Adding 64-bit support to RDOS

rdos · Post by **rdos** » Sat Oct 27, 2012 11:27 am

It seems like it's impossible to use multiple orgs, so that doesn't work.

Although, building on Brendan's suggestions, it is possible to do it with sections.

Section setup:

Code: Select all


; this is the 32-bit RDOS device header which is required to be first

section .header progbits start=0x00000000 vstart=0x00000000 align=1

hdr         dw 0x3252
cip         dd init
code_size   dd text_end - text_start + boot_end
code_sel    dw long_dev_code_sel
data_size   dd 0
data_sel    dw 0

; then a new section can defined with vstart at 0.

section .boot progbits follows=.header vstart=0x00000000 align=1

init:

...

boot_end:    
    
; and last the bulk of code is placed (can be at any position, but in this example at 0x3000)

section .text progbits follows=.boot vstart=0x00003000 align=1

text_start:

...

text_end:

Before jumping to the .text section, there is a need to move the code to the unity-mapped position indicated with vstart. Offset to boot_end indicates the code segment offset that corresponds to the first instruction in the .text section. The align=1 directive is need because pads would break the code.

Owen · Post by **Owen** » Sat Oct 27, 2012 11:36 am

rdos wrote:It seems like it's impossible to use multiple orgs, so that doesn't work.

ORG is considered a "convinience feature"; it wraps the builtin section support.

Given that I presume you're using WASM for your other code, I'm surprised you didn't move to JWASM for 64-bit support, since it's a fork enhanced with 64-bit support (among other features)

Watch out for the fact that the AMD64 calling convention is different (Whether you use the simpler Microsoft or better AMD/SystemV ABI)

rdos · Post by **rdos** » Sat Oct 27, 2012 11:53 am

Owen wrote: Given that I presume you're using WASM for your other code, I'm surprised you didn't move to JWASM for 64-bit support, since it's a fork enhanced with 64-bit support (among other features)
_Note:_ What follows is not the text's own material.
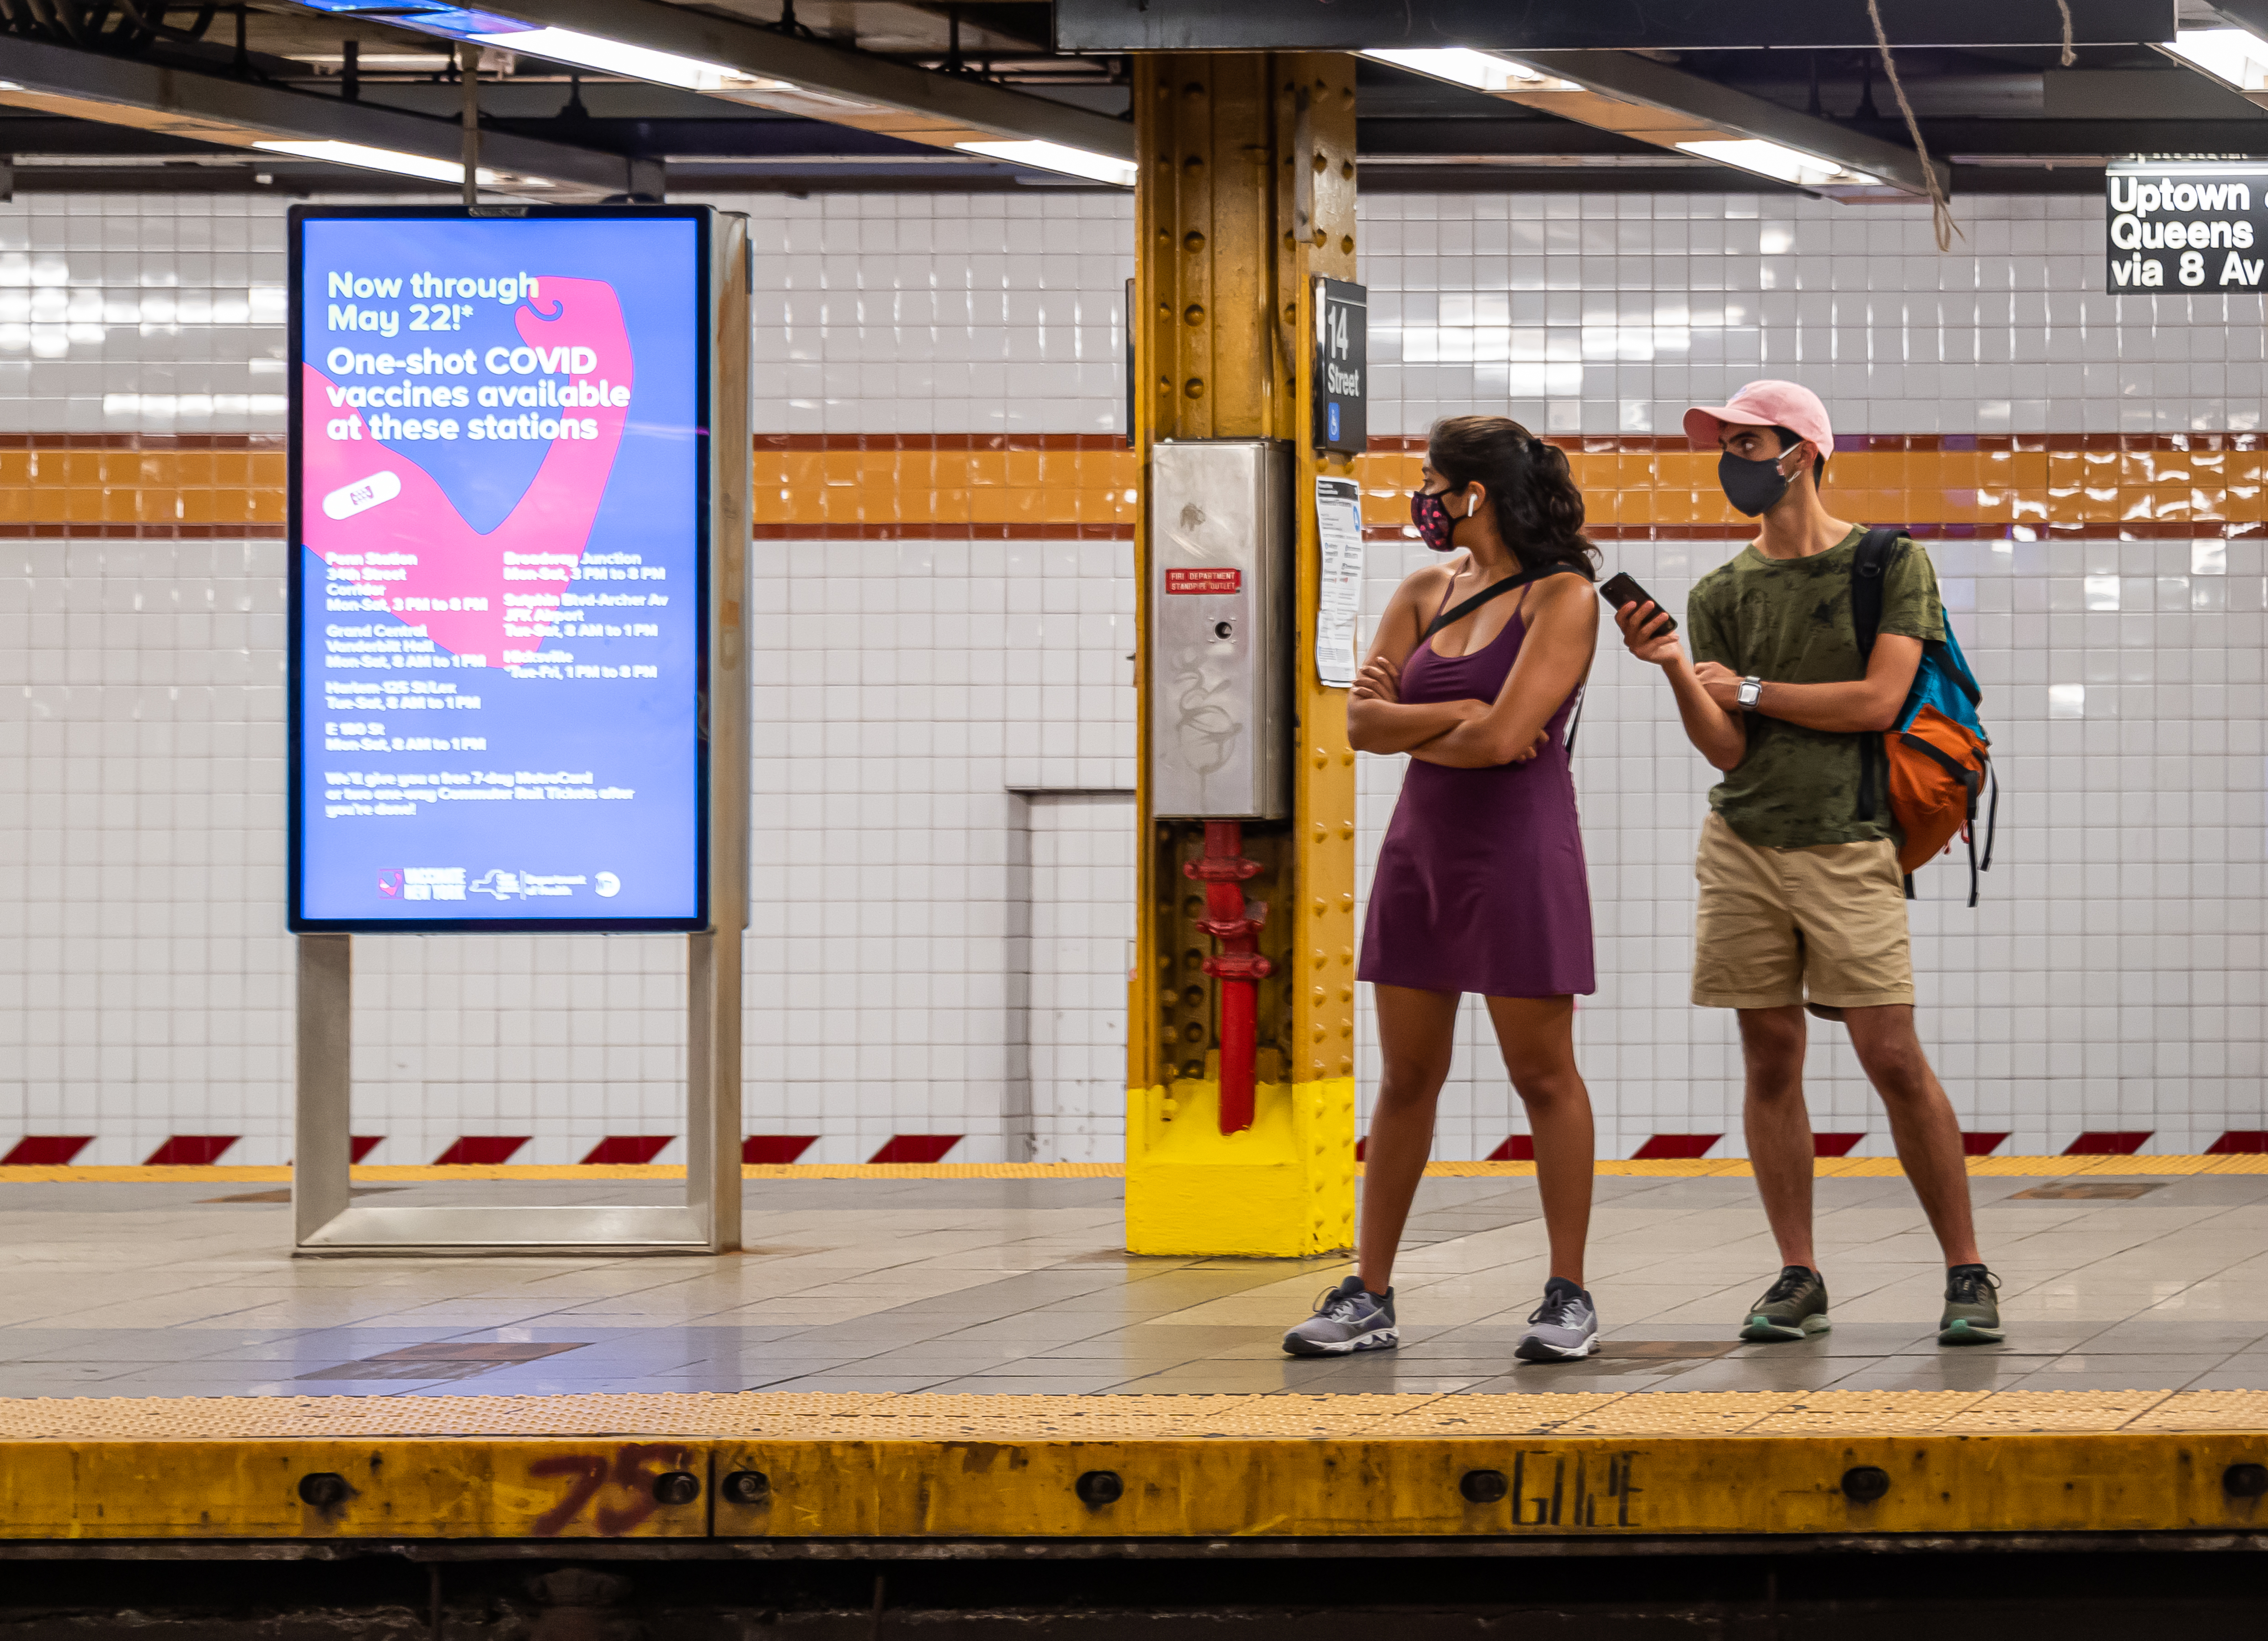 Two people standing on a subway platform.

I thought about it, but since I was able to include relevant parts (syscall numbers), and there won't be any large bulk of 64-bit code in kernel (64-bit device drivers will need to use the microkernel approach), I thought it would be convinient. I don't think that WASM or JWASM can handle mixing 32-bit and 64-bit code, and the different offsets very well, so I think NASM is a good choice. For 64-bit userland and device-drivers I'd probably use GCC, not OpenWatcom nor NASM.

Owen wrote: Watch out for the fact that the AMD64 calling convention is different (Whether you use the simpler Microsoft or better AMD/SystemV ABI)

The 64-bit kernel will not contain any C code, and in userland I'll rely on standard combinations.

rdos · Post by **rdos** » Sat Oct 27, 2012 1:22 pm

Now I can place it any position without problem. Moving the code to its new position, and redefining the code selector to be 0-based didn't require a lot of code. I also setup the stack to be 0-based.

Edit: Updated logic so the device creates the unity-mapping at boot time at 0x110000, and makes it global. Also, now it is possible to use a thread instead for testing the 64-bit code. I had to change the load-point for GRUB to 0x120000, which was a lot of work since it was at a number of places, including the OW linker.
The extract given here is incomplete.